Pianist Randy Weston, who passed away on September 1, 2018 at the age of 92, was almost always noted for his exceptional physical height, but he also stands tall as the author of jazz standards such as "Little Niles, "Hi-Fly," and numerous other pieces of note. His compositional legacy was built on blues, appealing and percussive melodic figures, waltz times and African rhythms. "The Randy Weston Songbook" features Weston's music performed by Booker Ervin, Gigi Gryce and Donald Byrd, Betty Carter, Jon Hendricks, and Weston himself.
A Diverse Set Of Influences
Weston came out of the Brooklyn jazz scene of the late 1940s and 50s, influenced by friends and figures such as Max Roach, Coleman Hawkins, and Thelonious Monk. His father was from Panama and his mother from Virginia, and they respectively exposed him to West Indian calypso and African-American church music. His early musical experiences included playing with Bullmoose Jackson‘s R and B band, and he also spent a lot of time taking in the arts culture of the Berkshire Mountains in the 1950s, striking up an influential friendship with jazz critic Marshall Stearns in the process.
In the mid-1950s Weston began to record for Riverside and won the Down Beat critics‘ poll as New Star of the Year, launching his long career as a committed, searching, and creatively compelling jazz artist. One of the most significant ways in which Weston built his legacy was as a composer--he told Ira Gitler in 1964 that he thought that‘s what his true musical gift was. Weston‘s compositions pull together a wide range of influences, from Monk and bebop to African and Caribbean music; if you want to talk multicultural jazz, he‘s definitely somebody to include in the conversation.
The Weston-Liston Partnership
One of Weston‘s most important writing collaborators was trombonist and arranger Melba Liston, who worked with him throughout his career on many of his most important projects, and whom Weston was always insistent about giving credit to, even writing a scolding letter to Downbeat in 1964 for not mentioning her contributions to his music in an article about him. "Melba is incredible; she hears what I do and then expands it," Weston once said. "She will create a melody that sounds like I created it.

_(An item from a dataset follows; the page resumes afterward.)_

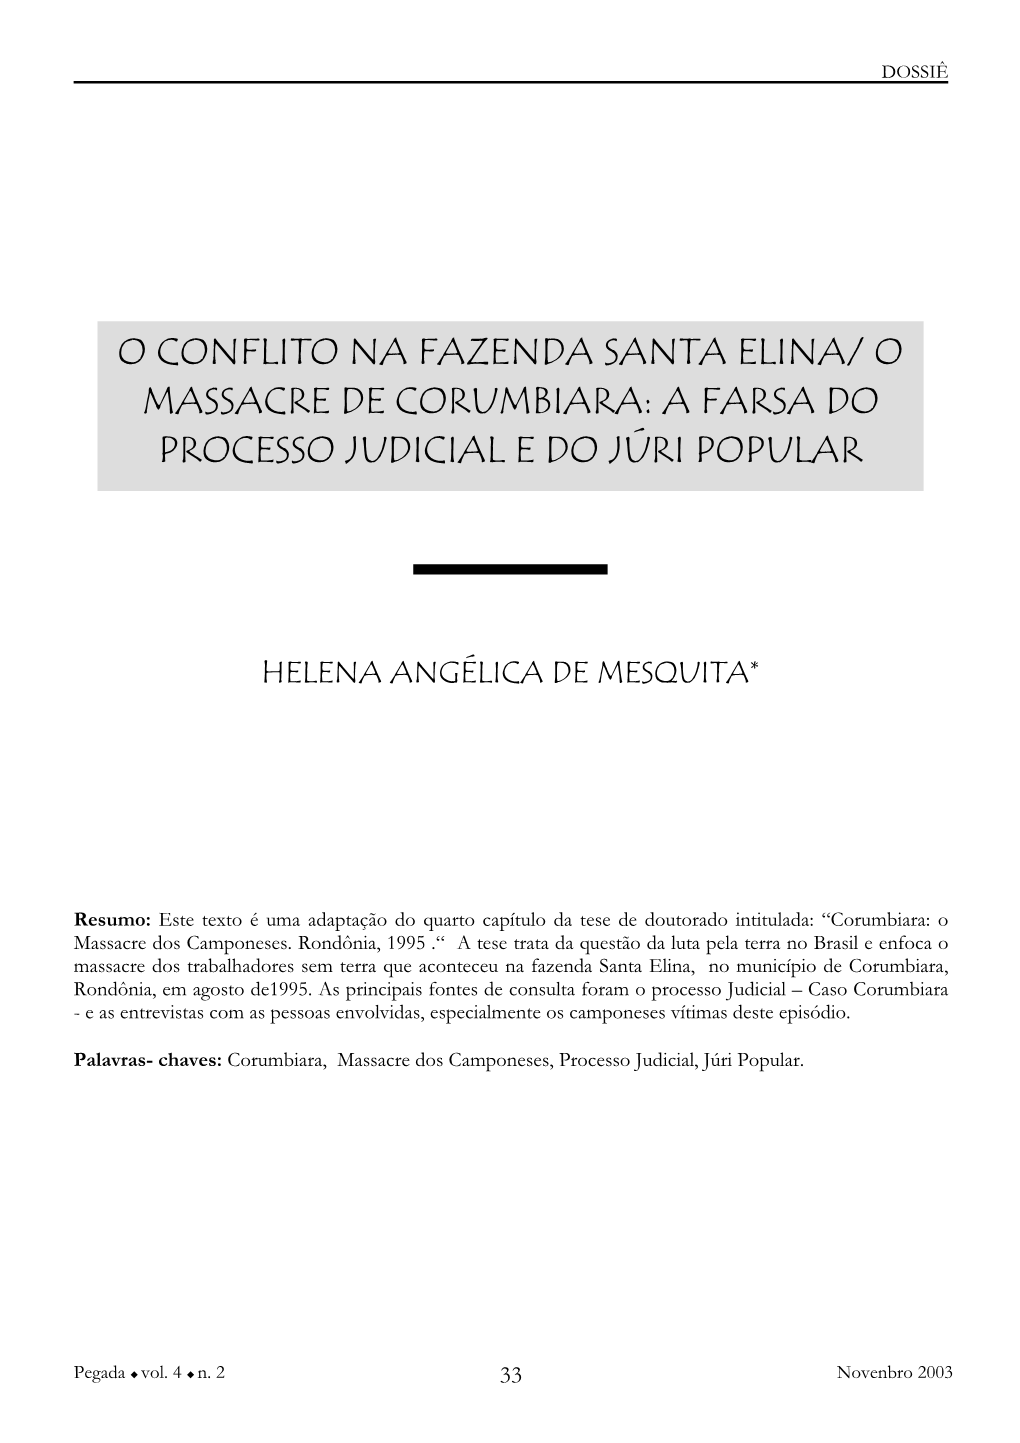 O Conflito Na Fazenda Santa Elina/ O Massacre De Corumbiara: a Farsa Do Processo Judicial E Do Júri Popular

She's just a great, great arranger."
The Rhythms Of Home
In 1961 Weston visited Africa with an American delegation that included poet Langston Hughes, singer Nina Simone, and bandleader Lionel Hampton. The emerging African nation independence movements were a source of inspiration to many black artists at the time, and Weston had just recorded a four-part suite, Uhuru Afrika, as a salute to such movements, with arrangements by Liston and lyrics contributed by Hughes. (You can hear more of the suite on the Night Lights show The Langston Hughes Songbook.)
Uhuru Afrika also brought Weston‘s interest in African rhythms to the forefront in his work-he would later tell journalist Valerie Wilmer that hearing African music had intensified the part that rhythm played in his composing process. Recalling his first visit to Africa, he said
We got off the plane and all of a sudden we heard the sound of drums. I knew then that this was my homeland.
Africa By Way Of Brooklyn
Randy Weston moved to Morocco for several years in the late 1960s and early 1970s, returned to the States and recorded sporadically, then began a vigorous run of new recordings at the end of the 1980s , one of which, the double-disc The Spirits Of Our Ancestors, celebrated African musical heritage and revisited a number of his earlier compositions.
Melba Liston, who had suffered a stroke, learned to use a computer and write with her left hand in order to do the arrangements for the album, which serves as one of the best testaments to Weston's creed of music as a unifying, ancient force and global culture's musical roots in Africa. The program closes with a tune that Weston wrote to celebrate the black communal culture of the Brooklyn area in which he grew up--"African Village Bedford Stuyvesant."